World Models
Learning internal models of how the world works — compressing environment dynamics into something an agent can plan with.
Landscape
A world model is a learned model of environment dynamics: given current state and action, predict next state (and reward). With a good world model, an agent can plan entirely in imagination — no environment interaction needed.
Sub-areas
- Latent space models — learn to predict in compressed latent space rather than pixel space (RSSM, DreamerV1/V2/V3)
- Transformer-based world models — sequential prediction with attention (IRIS, TransDreamer, Genie)

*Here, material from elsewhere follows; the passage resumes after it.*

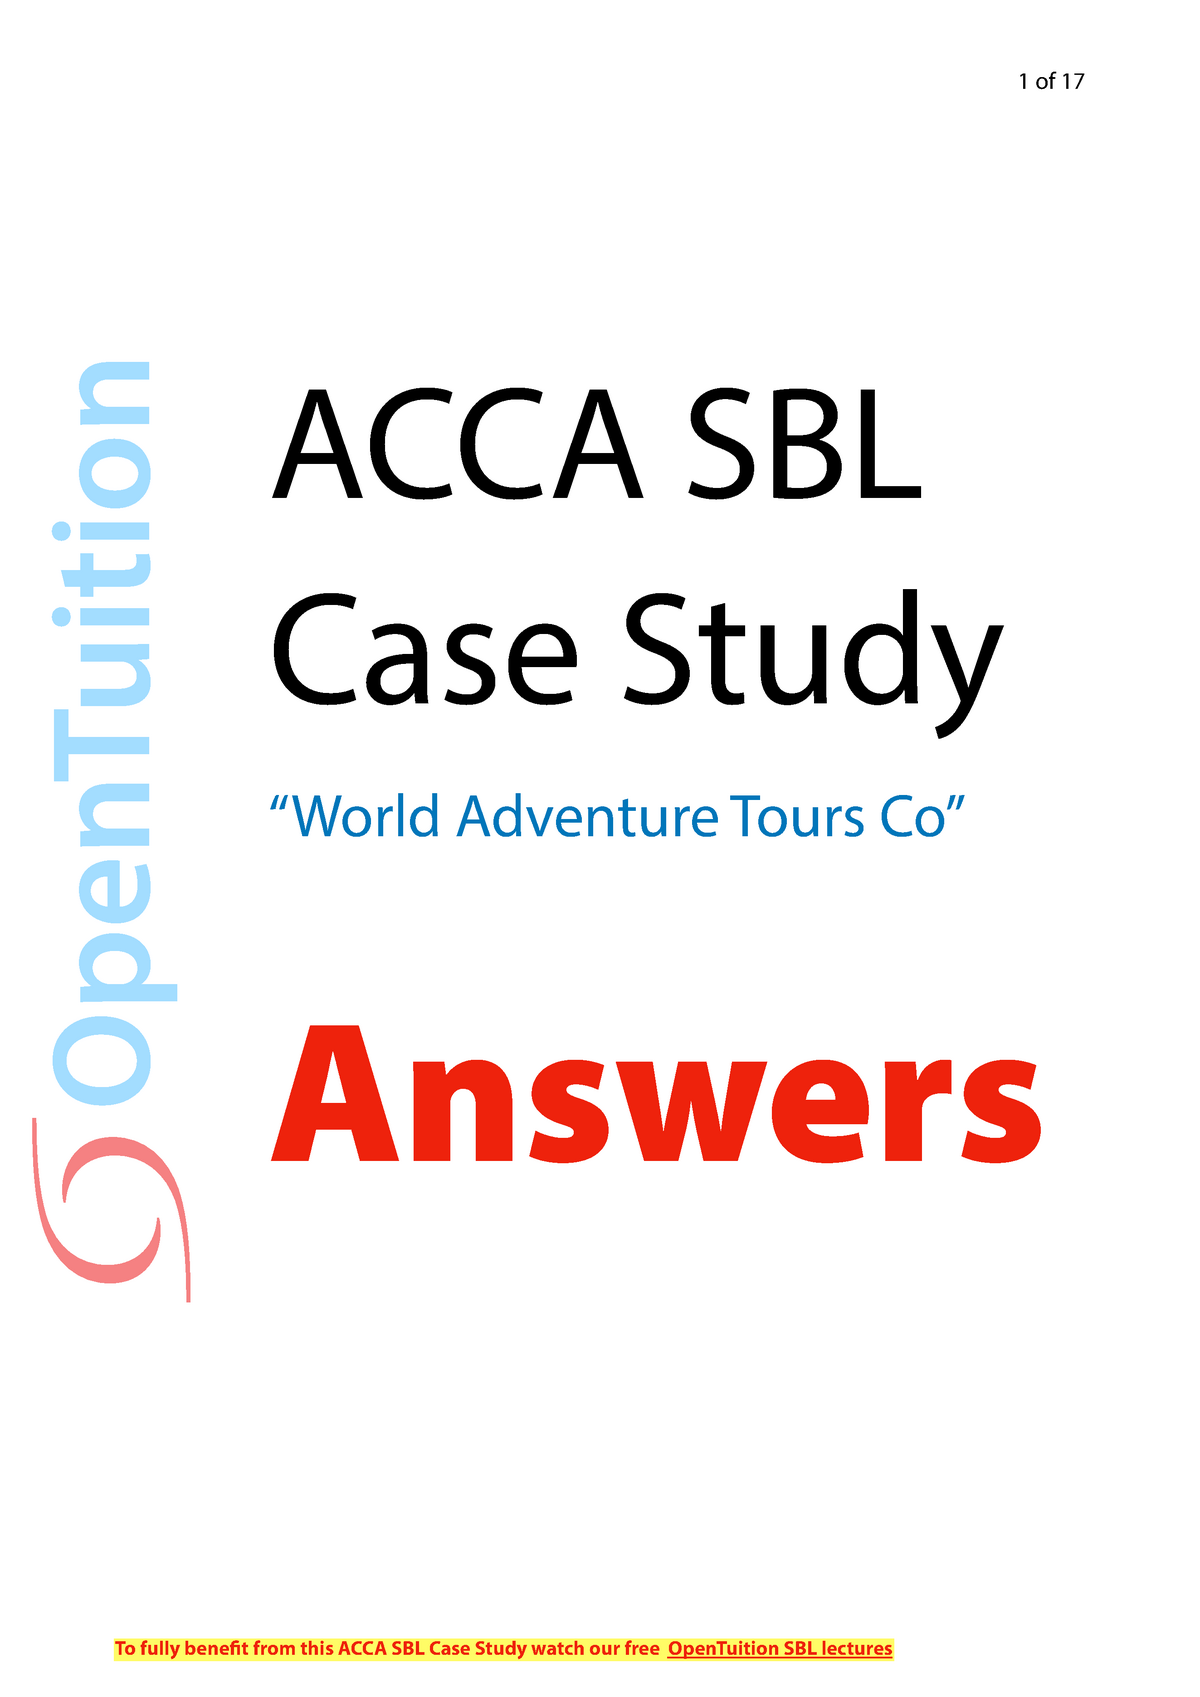 ACCA SBL Case Study World Adventure Tours Co Answers - StuDocu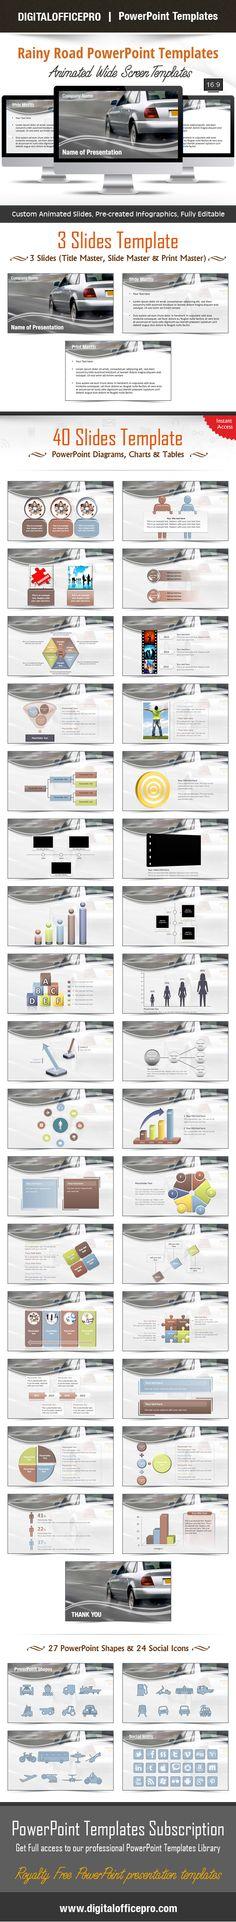 Big bundle v2 business powerpoint templates template and big bundle v2 business powerpoint templates template and powerpoint presentation templates toneelgroepblik Image collections

- Video prediction — treating world modeling as video generation (DALL-E, VideoGPT applied to RL)
- Physics-informed models — embedding physical priors into the learned model
- Foundation world models — large-scale, general-purpose environment models (GAIA-1, Genie 2)
Landmark papers
- World Models — Ha & Schmidhuber, 2018. The paper that named the concept in modern form.
- Dream to Control (DreamerV1) — Hafner et al., 2019.
- Mastering Atari with Discrete World Models (DreamerV2) — Hafner et al., 2020.
- Dreamer V3 — Hafner et al., 2023. Scales across domains without tuning.
- IRIS: Transformers are Sample-Efficient World Models — Micheli et al., 2022.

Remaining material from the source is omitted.